Really? I need to set something up to stop a syntax error not crashing __the
server __

These rapid prototype arguments don 't hold either imo. I can knock out quick
and dirty java / c# apps plenty quick enough that work fine for their needs.
In my forays into dynamic languages there is no rapid development due to all
the errors, the lack of IDE capability, the compiler replacing tests I have to
write

------
sandGorgon
I have a hypothesis - I think elixir,golang and java+vertx are carefully
designed, highly productive and high performance frameworks.
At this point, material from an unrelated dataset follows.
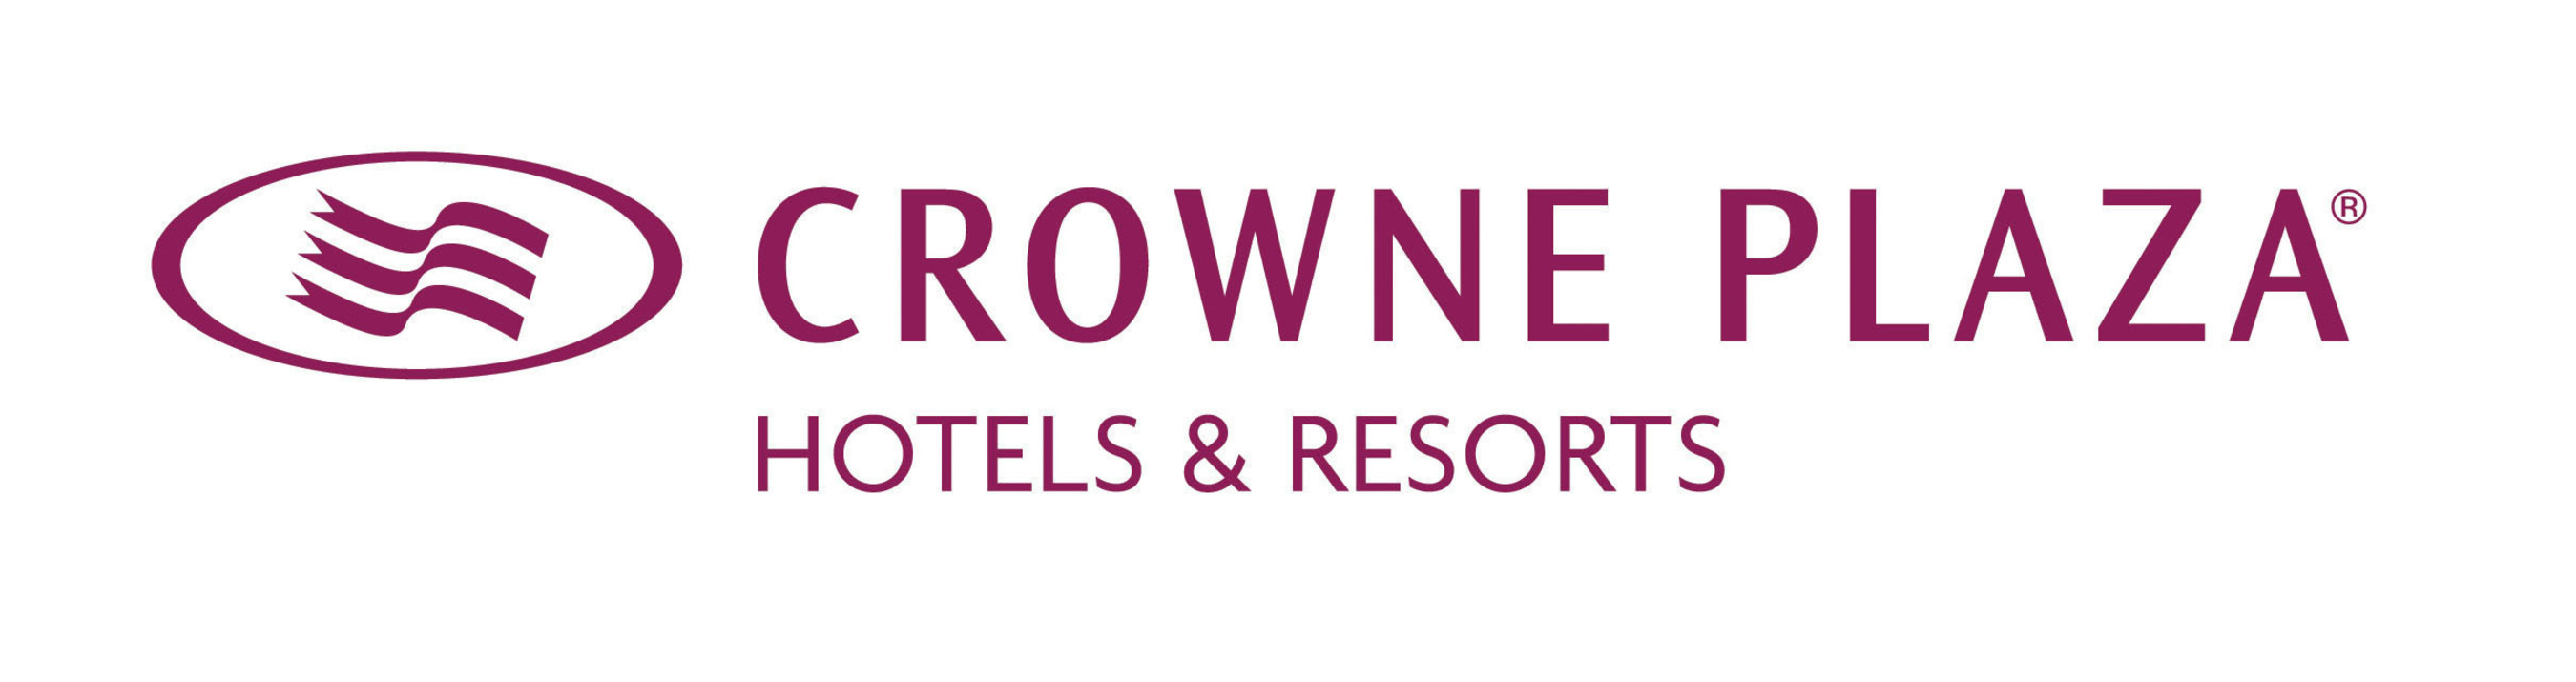 Crowne Plaza Logo. (PRNewsFoto/Crowne Plaza(R) Hotels & Resorts) (PRNewsFoto/CROWNE PLAZA(R) HOTELS & RESORTS)

However with Reactjs + React Native, you have an unavoidable component of your
company that is in javascript (or will have soon). Why would you not do JS
based server runtime ? With typescript/flow, you actually have an excellent
language with no compile steps. Plus, and probably the most important, you
have a cross pollination of engineering talent and time .

I think its the same case with data science - it is much more productive to
build a python based data science startup, because of
flask+sqlalchemy+jupyter+pyspark+numpy+tensorflow+keras. Yes, you can use
scala or java... but you lose that one-language-to-rule-them-all productivity
multiplier.

From a quick prototyping point-of-view, i think golang would have
theoretically killed nodejs.

------
z3t4
Regarding throw and NaN, when the program throws an error, make sure it's
restarted! When JavaScript throws, it stops doing whatever it was doing. But
the rest of the program will continue to run like if nothing happened. NodeJS
does the right thing by "crashing" / exit.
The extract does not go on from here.